4. Information is freedom if you pay for it.
5. Forteans are just as weird as the stories they collect.
6. He didn't have a nice New Year's Eve because he didn't get to see the big Green Ball come down in Times Square (he ain't
got a TV... talk about being more primitive than a Mongolian sheep herder).
7. Look up to the night sky and name your next kid, "Percival."
8. Metaphysics is what physics hides in the closet and denies.
Wendy Connors
To which Panzerben replied:
Hello darling, I know ya like plain speaking, so here's giving it to ya! In case you didn't know, girl, TV is simple-minded doll-talk for the boondocks. You must be the last person on Earth not to know this. Here it is in British, Wendy.
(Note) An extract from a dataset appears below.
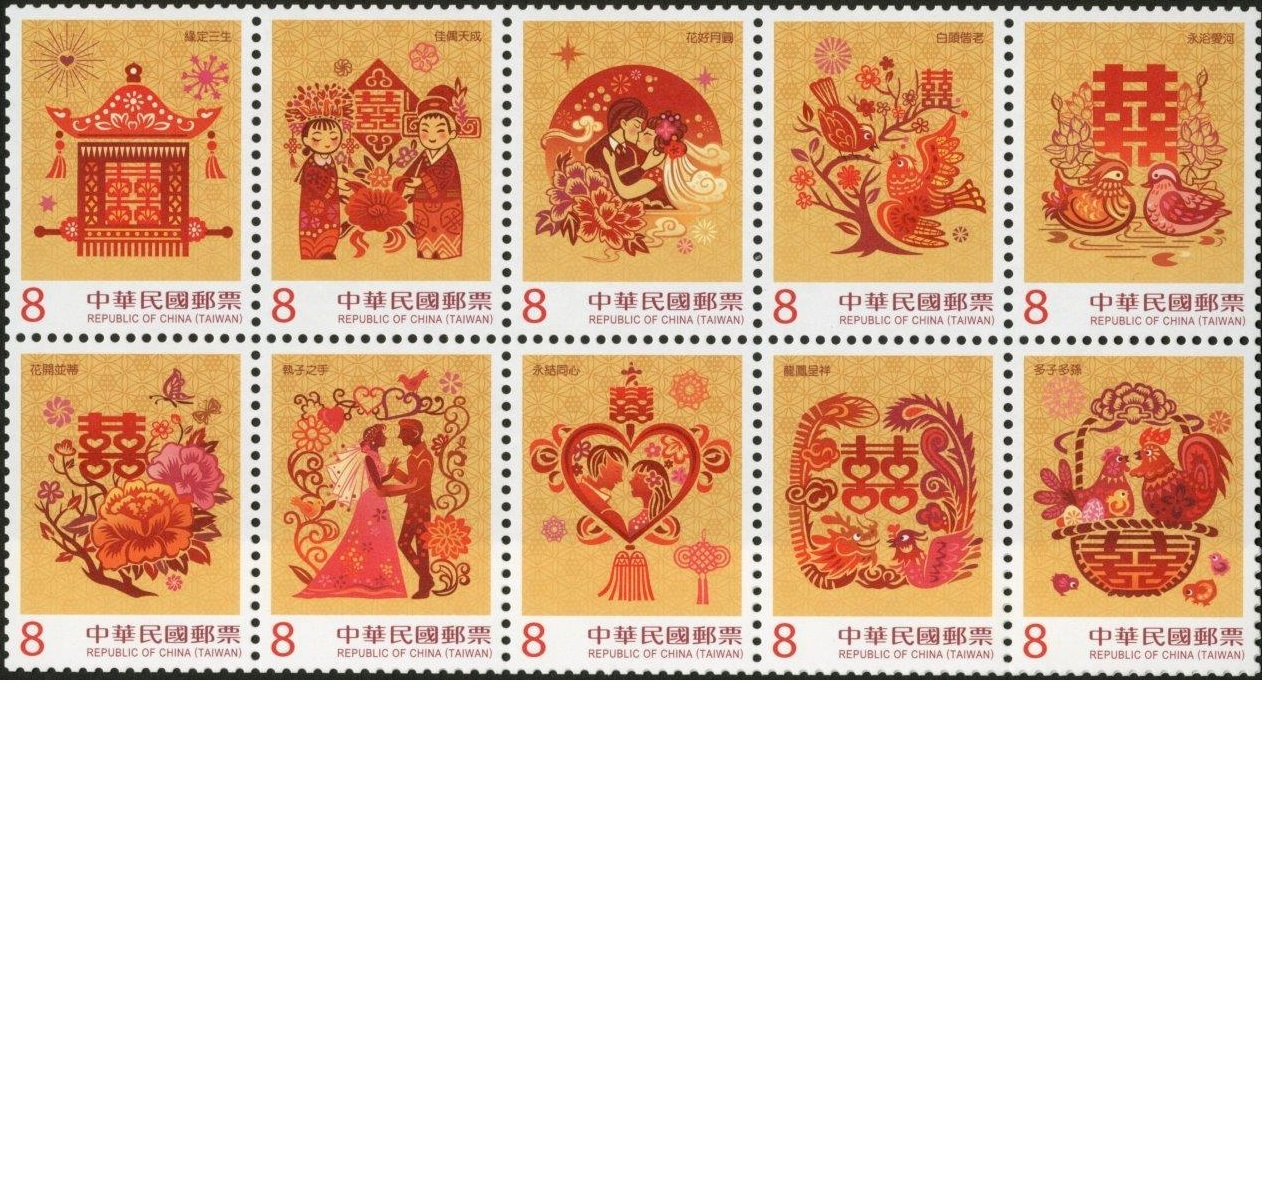 祝福郵票(續2)8元10張連刷

Girl, as a regular viewer, you must be more full of propaganda and symbol-manipulation than an organic Pepsi. You must be more full of subliminal suggestions than a genetically modified irradiated bottle of catsup. There is only one solution to your addiction to the electrical Doll's House: throw it into the nearest whole-earth rubbish tip as fast as you can. I guarantee that within a few hours you will spew out the Doll Culture, so keep an environmentally friendly bowl handy, girl, and farm out the kids for the day whilst you go through cold turkey. Withdrawal is no fun. Have a friend standing by with hot and cold towels for the sweats, chills, and the shaking as all the advertisements tumble out from your psyche. Getting rid of the idiot's lantern is what hippies used to call re-birthing. Regular junk culture detox is essential for
existential survival. Mickey Mouse is not so much to be hunted and killed as excreted. Next, kill the
newspapers. After that, you will feel like a young American woman again with an eye on the main chance and ready for anything. You will move along the sidewalk like a tornado. Your mind will feel as big as the planet Mars, and amazing thoughts will pour out like lava from your unclogged mental pores.